Microsoft's Fall Creators Update Already on More Than Half of All Windows 10 PCs (betanews.com)
Wayne Williams, writing for BetaNews: Microsoft releases two big feature updates a year for Windows 10. 2017 saw the arrival of the Creators Update in April, followed by the Fall Creators Update in October. The Creators Update was a slow and at times problematic release. A quarter of Windows 10 users still didn't have it by the time its successor rolled out. Thankfully, Microsoft seems to have learned some important lessons, and the Fall Creators Update is being installed at a much faster rate. According to the latest figures from AdDuplex, a mere two months after it launched, the Fall Creators Update (1709) is already on more than half of the Windows 10 PCs in use -- 53.6 percent to be precise. That's up from 20.5 percent a mere month ago.

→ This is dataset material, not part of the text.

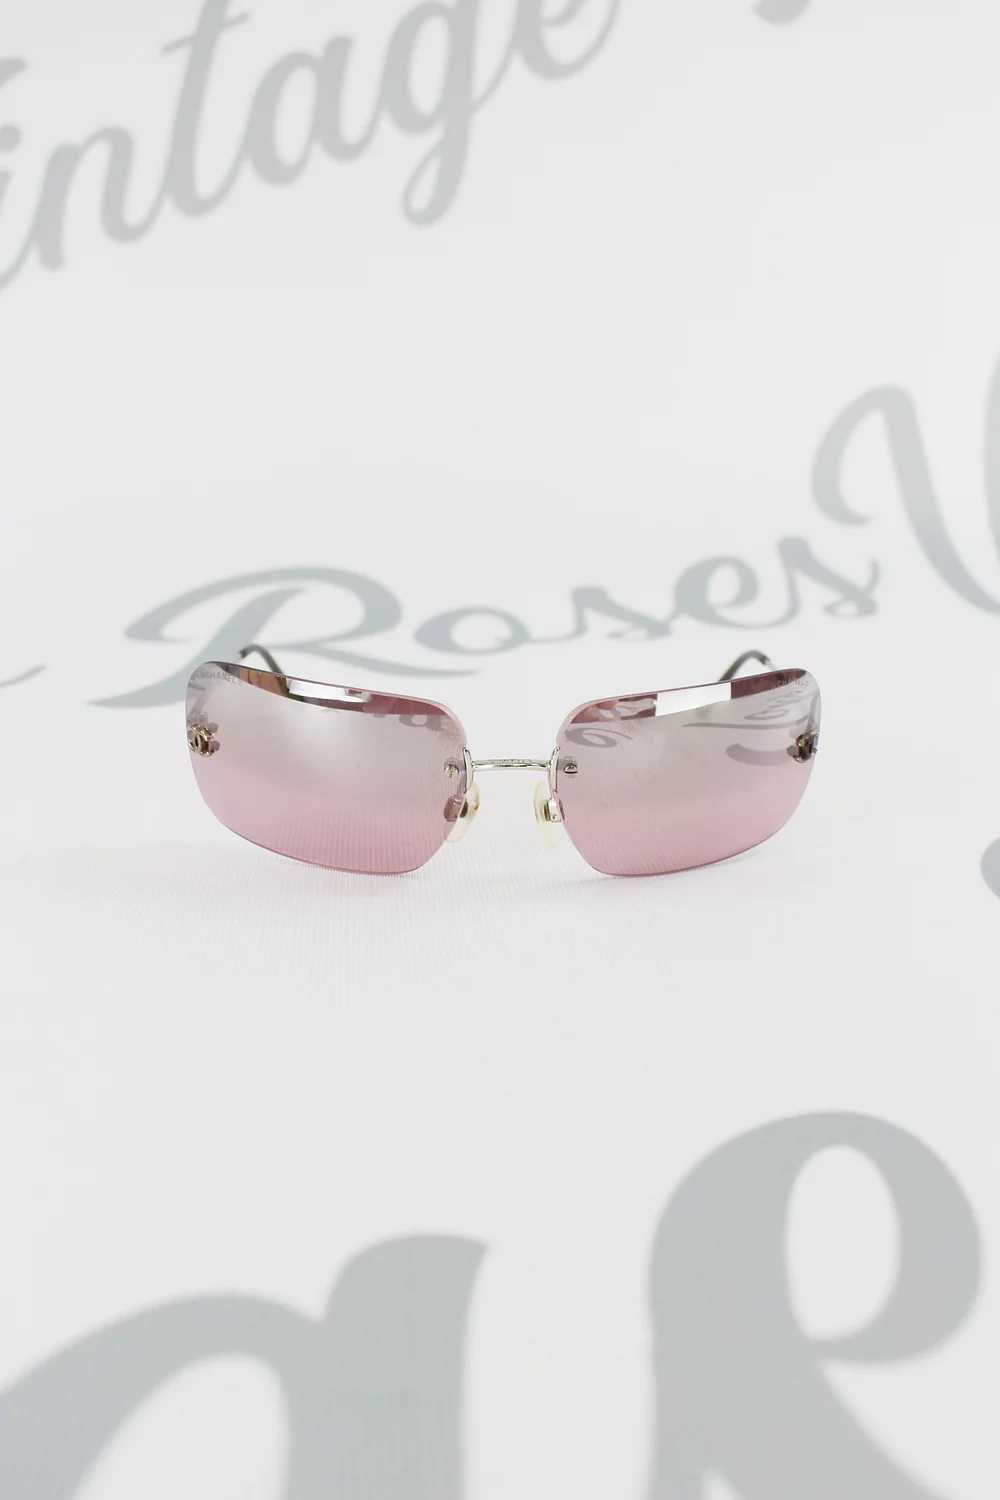 chanel rimless sunglasses pink oversized

I think I'll wait and let everyone else take the brunt of the damage.
Microsoft's new strategy: Crowdsourced bug testers!
Microsoft add/changes features too often in Windows 10. This has caused some really strange behavior on my Windows 10 machines. Some things it has done:
- I have specifically set my lock screen background image to "image 1". Sometimes when I boot my machine, the lock screen background has been changed to "image 2". Often, another reboot sets it back to "image 1". What's the point in having a setting if the system doesn't always honor it?
- When the Creator's Update was installed, I noticed that it looked like one of my desktop icons was missing. Upon further inspection, it just looked like some (but not all) of my desktop icons were moved around a little, and a gap left at the top.
- I have never joined any of my home machines to a Windows domain or workgroup, but on some reboots, there is an icon on my desktop called HOMEGROUP. It cannot be moved or deleted. Only stopping the "Homegroup Provider" service causes the icon to vanish, and then it stays away until some other random time.